Glucagon is released from pancreatic α‐cells, and promotes hepatic glycolysis and gluconeogenesis in the liver to increase plasma glucose levels. Previous reports showed that GR‐deficient mice maintain normal blood glucose levels even when the diabetic condition is introduced by streptozotocin9, and that GR antisense oligonucleotide ameliorates hyperglycemia in ob/ob and db/db mice10. Thus, GR antagonists rather than GR agonists have been intensively investigated as therapeutics for type 2 diabetes in the past few decades. However, glucagon suppresses fatty acid synthesis and promotes lipolysis in adipose tissues and the liver, thereby releasing free fatty acids into the circulation as an energy source in tissues, such as skeletal muscle. Previous studies also showed that glucagon augments oxygen consumption and stimulates energy expenditure by thermogenic actions11. In addition, glucagon delays gastric emptying and increases satiety after a meal. Thus, GR activation might possibly be of benefit for obesity management, despite the increase in blood glucose levels. Recently, several GLP‐1/GR dual agonists have been under development (Table 1). Preclinical studies showed that the GLP‐1R/GR dual agonist, SAR425899 (Sanofi, Paris, France), decreased bodyweight in diet‐induced obese mice and ameliorated glucose levels in db/db mice12, and that the GLP‐1R/GR dual agonist, MEDI0382 (MedImmune, Gaithersburg, MD, USA), significantly reduced bodyweight and improved glucose tolerance to levels similar to those obtained by the GLP‐1R agonist, liraglutide, in non‐human primates13. Based on the promising results with GLP‐1R/GIPR and GLP‐1R/GR dual agonists, GLP‐1R/GIPR/GR triple agonists also have been under development as therapeutics for type 2 diabetes (Table 1). It was shown that the reduction of bodyweight by a GLP‐1R/GIPR/GR triple agonist (−26.6% vs placebo) was greater than the same dose of a GLP‐1/GIPR dual agonist (−15.7% vs placebo) in diet‐induced obese mice14. Finally, these findings clearly suggest the potential benefits of GLP‐1R/GIPR and GLP‐1R/GR dual agonists in the management of obese individuals with type 2 diabetes, although their safety and efficacy remain to be evaluated in clinical trials.

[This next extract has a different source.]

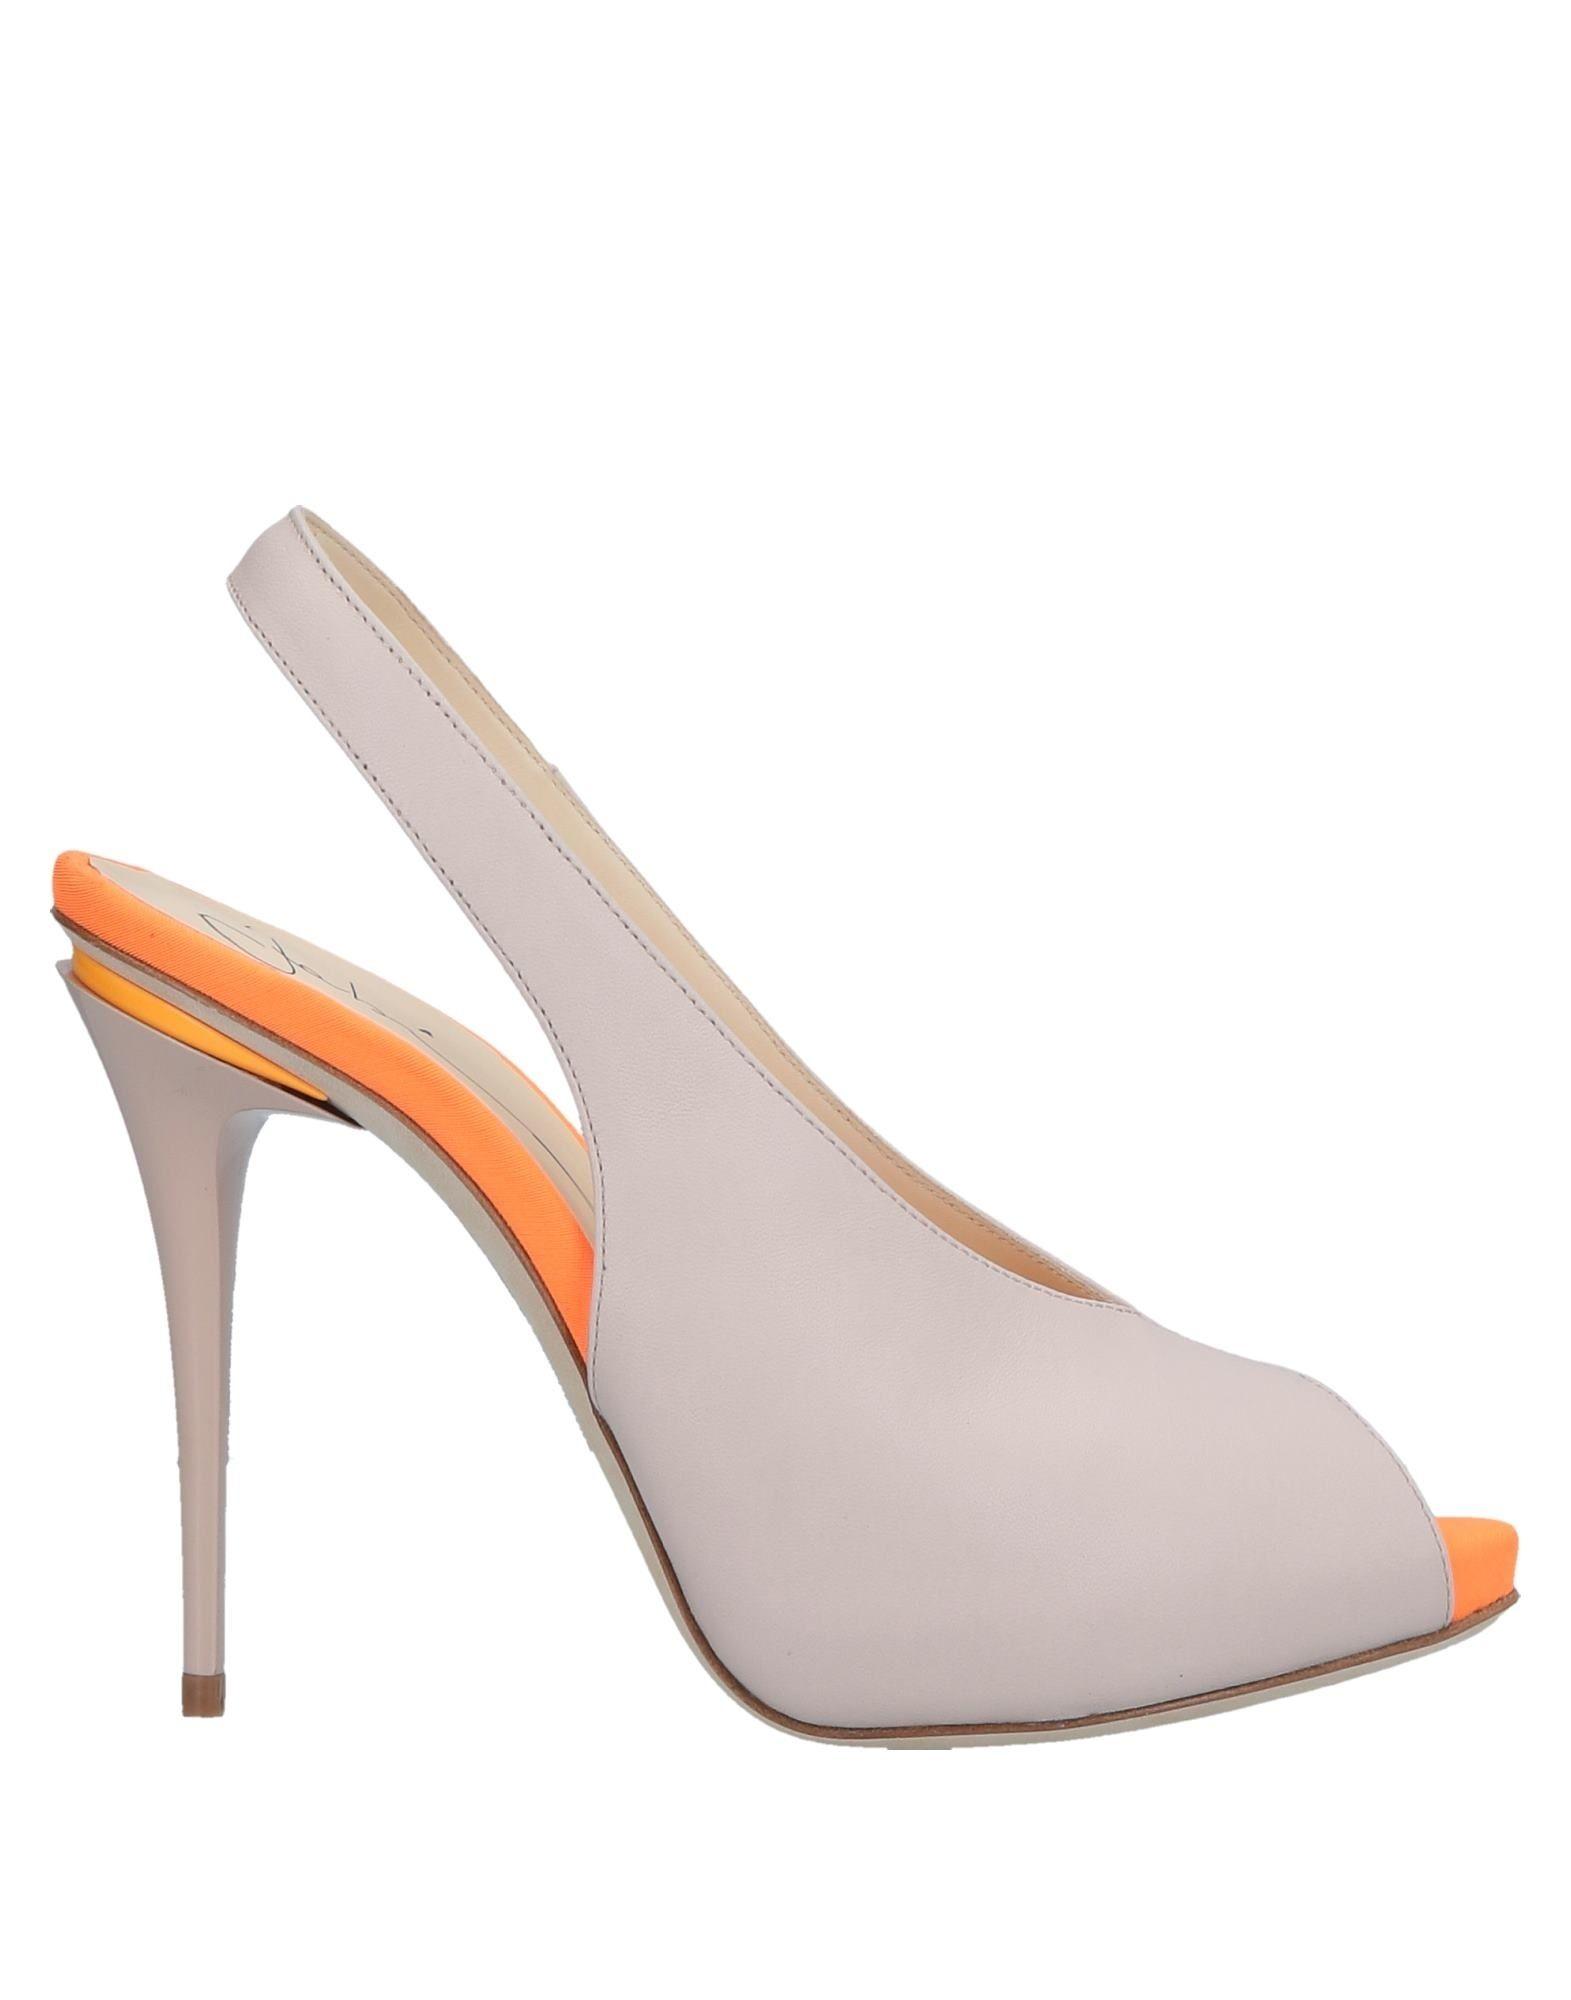 Sandales Fabi Femme - Sandales Fabi   - 11615719SN
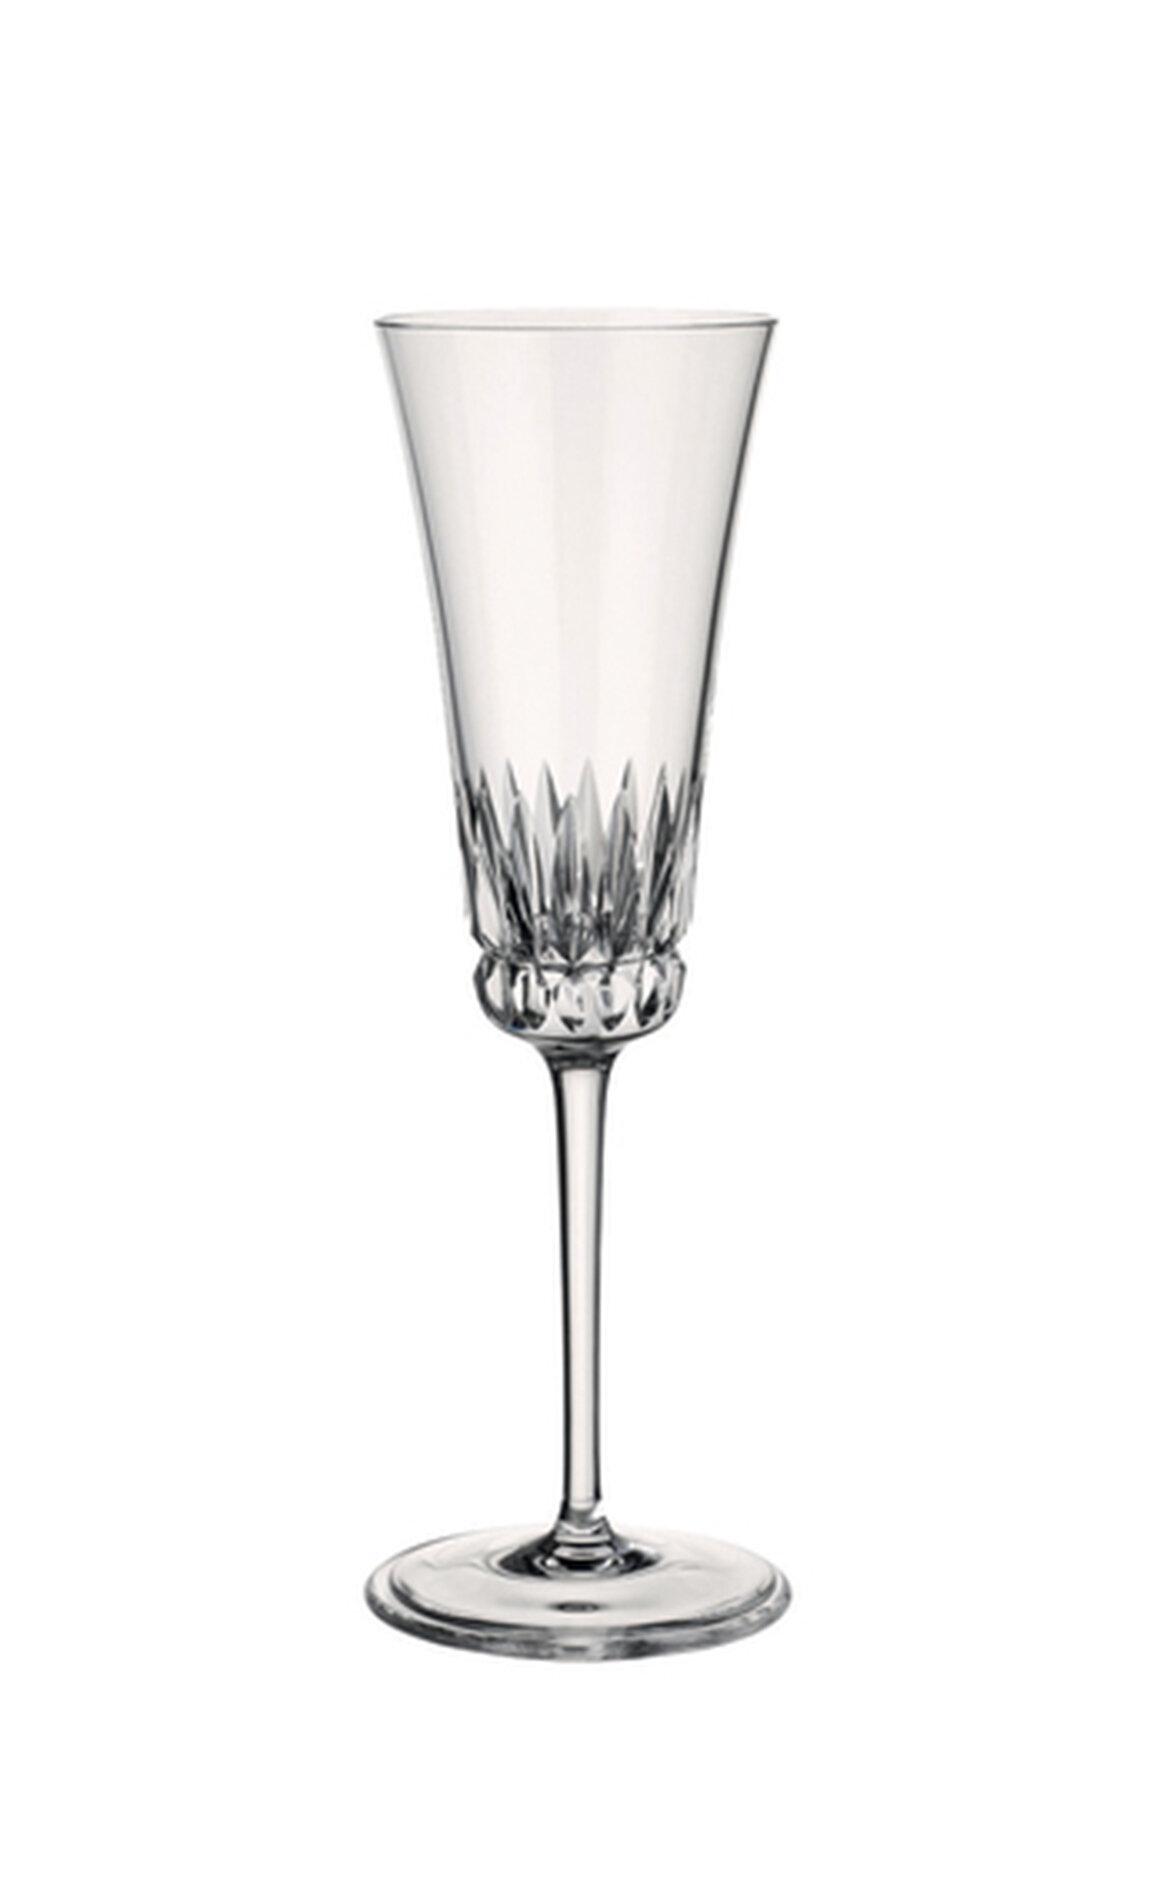 Villeroy & Boch-Villeroy & Boch Grand Royal  Şampanya Kadehi

Based the aforementioned preclinical and clinical findings, it is hoped that single polypeptides simultaneously activating GLP‐1R, GIPR and GR can make additional therapeutic efficacy to tailored diabetes care, especially among obese individuals with type 2 diabetes. However, caution should be exercised as to whether or not these drugs are appropriate for the management of Asian patients with type 2 diabetes, which are primarily characterized by non‐obesity and impaired β‐cell function, as well as management of elderly adults with type 2 diabetes, who tend to develop sarcopenia and frailty as a result of poor energy intake.

Disclosure

D Yabe received consulting or speaker fees from MSD K.K., Novo Nordisk Pharma Ltd. and Taisho Toyama Pharmaceutical Co., Ltd. D Yabe also received clinically commissioned/joint research grants from Nippon Boehringer Ingelheim Co., Ltd., Eli Lilly and Company, Taisho Toyama Pharmaceutical Co., Ltd., MSD K.K., Ono Pharmaceutical Co., Ltd., Novo Nordisk Pharma Ltd., Arklay Co., Ltd., and Takeda Pharmaceutical Company Limited. Y Seino received consulting or speaker fees from Eli Lilly Japan K.K., Sanofi K.K., Novo Nordisk Pharma Inc., Glaxo‐Smith‐Kline, Taisho Pharmaceutical Co., Ltd., Taisho Toyama Pharmaceutical Co., Ltd., Astellas Pharma Inc., BD, Nippon Boehringer Ingelheim Co., Ltd., Johnson & Johnson and Takeda Pharmaceutical Company Limited. Y Seino also received clinically commissioned/joint research grants from Nippon Boehringer Ingelheim Co., Ltd., Eli Lilly and Company, Taisho Toyama Pharmaceutical Co., Ltd., MSD K.K., Ono Pharmaceutical Co. Ltd., Novo Nordisk Pharma Ltd., and Arklay Co., Ltd. R Usui declares no conflict of interest.